И другое мерещилось: вот он появится перед ней - вальяжный, расплывшийся, уверенный в собственной неуязвимости, защищенный деньгами, бандитами, оружием и невесть чем там еще... а она, - хрупкая, бледная, прислонится к двери купе, - Надя знала: их встреча должна была состояться в поезде, - и скажет: "Ну вот и приехал ты, Василий Степанович! Ровно через семь месяцев ты умрешь от саркомы в восьмой палате отделения нейрохирургии больницы
Скажет это, повернется, подмигнет на прощанье и исчезнет в сизых московских сумерках...
А этот пускай попробует жить как прежде... да нет, не жить, просто существовать! Пожалуй, эта месть была пострашнее первой.
Надя не умела проигрывать! Она шла напролом к своей цели. Но тот кошмар, который порождала её распадавшаяся от боли душа, был гораздо страшнее зла, которое ей причинили...
Она чувствовала: знакомые очертания бытия превращаются в решето, из неведомого прут монстры... и самый отвратительный сидит в ней самой!
И каждый вечер, запершись в спальне, - Надя приделала к двери крючок, - она вставала перед иконой Божьей Матери и молилась, чтобы Царица Небесная заступилась за неё перед Сыном, которому Надя дала обет, чтоб помогла исполнить его и вернуть кота. В этом таился для неё мистический смысл: она верила, что возвращение Лариона вернет все на круги своя. И все в её жизни наладится. Верила и не верила...
Она понимала, что по-прежнему быть не может. Что многое сломано... И прежде всего, её представление о себе.
Она катастрофически переставала самой себе нравиться. Она начинала себя презирать. Она через силу заставляла себя молиться - ей было стыдно! Стыдно предстоять перед Ликом святым в своей нечистоте, - она боялась себя!
– боялась признать, что по сути она просто капризненькая и весьма ограниченная эгоистка, не способная сделать ни шагу к преодолению собственной слабости и несовершенства.

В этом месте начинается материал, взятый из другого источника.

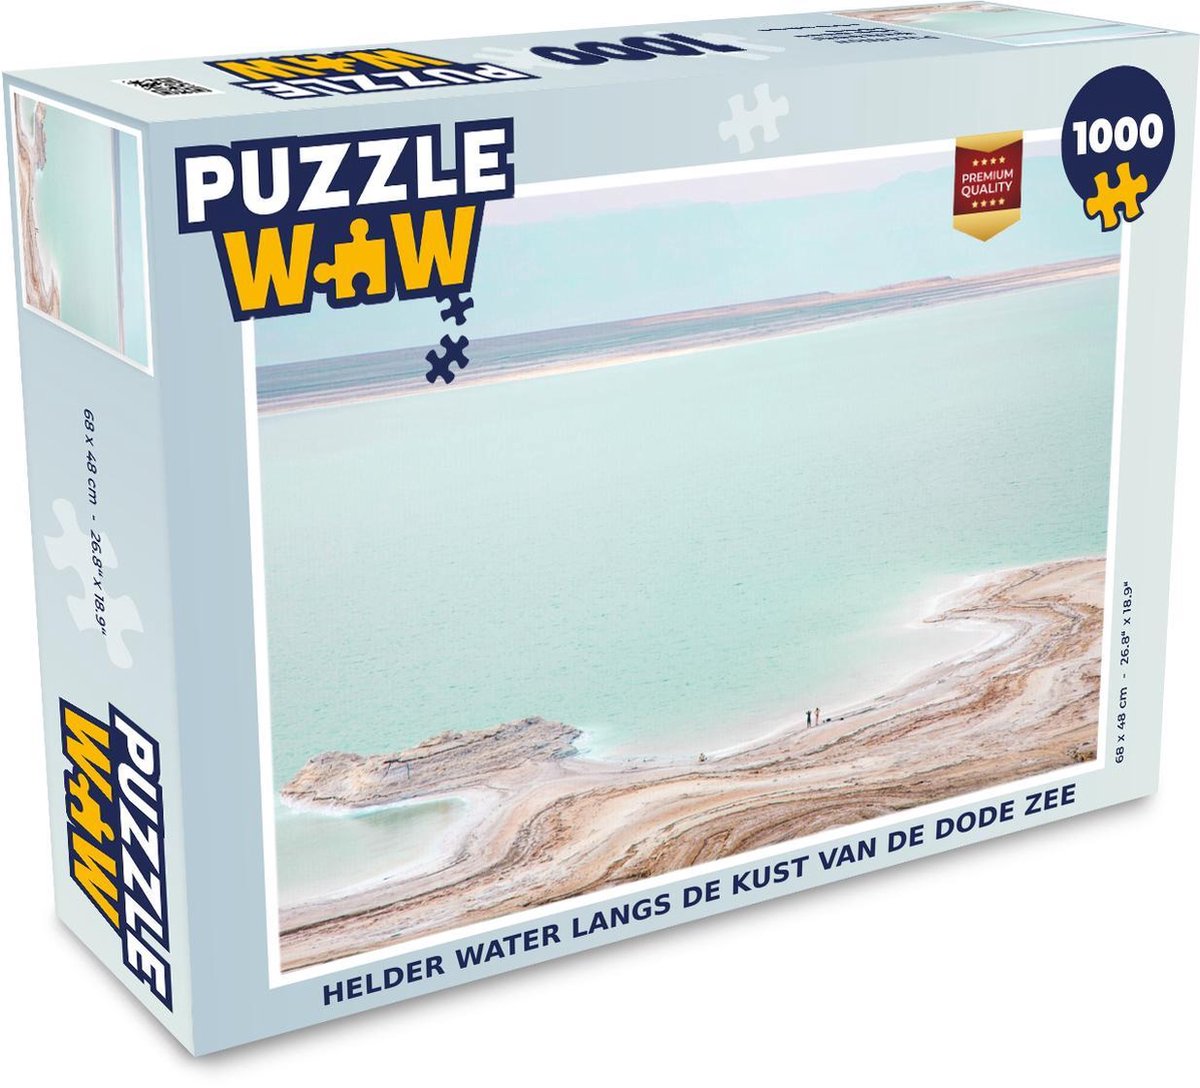 Afbeelding van product Puzzel 1000 stukjes volwassenen Dode zee 1000 stukjes - Helder water langs de kust van de dode zee puzzel 1000 stukjes - PuzzleWow heeft +100000 puzzels

И при этом ей было жаль себя прежней - всеобщей любимицы из отлетевшего детства, обожавшей плескаться в тазу на своей осененной зеленью даче, обожавшей валяться в траве и подолгу глядеть на небо, прилипать к зеркалу и рассматривать свое отражение - наивное, любопытное и доверчивое...
Но ей не просто было стыдно себя теперешней - интуитивно она угадывала, что вообще стыдно просить, стыдно тревожить Лик, пристально вглядывавшийся в нее, - тревожить такой пустячной, такой несерьезной просьбой - вернуть кота!
Но она пересиливала себя, она все же просила...
В церкви Воскресения Словущего, что на Успенском вражке, купила лампадку, вазелиновое масло, сделала из бинта фитилек и повесила перед иконой на трех узорчатых цепочках, которые прежде красовались у неё на груди. От малейшего прикосновения лампадка покачивалась, двигалась густая тень на стене и... выражение Лика менялось. Да, выражение это неуловимо менялось каждый раз, как вставала она перед иконой...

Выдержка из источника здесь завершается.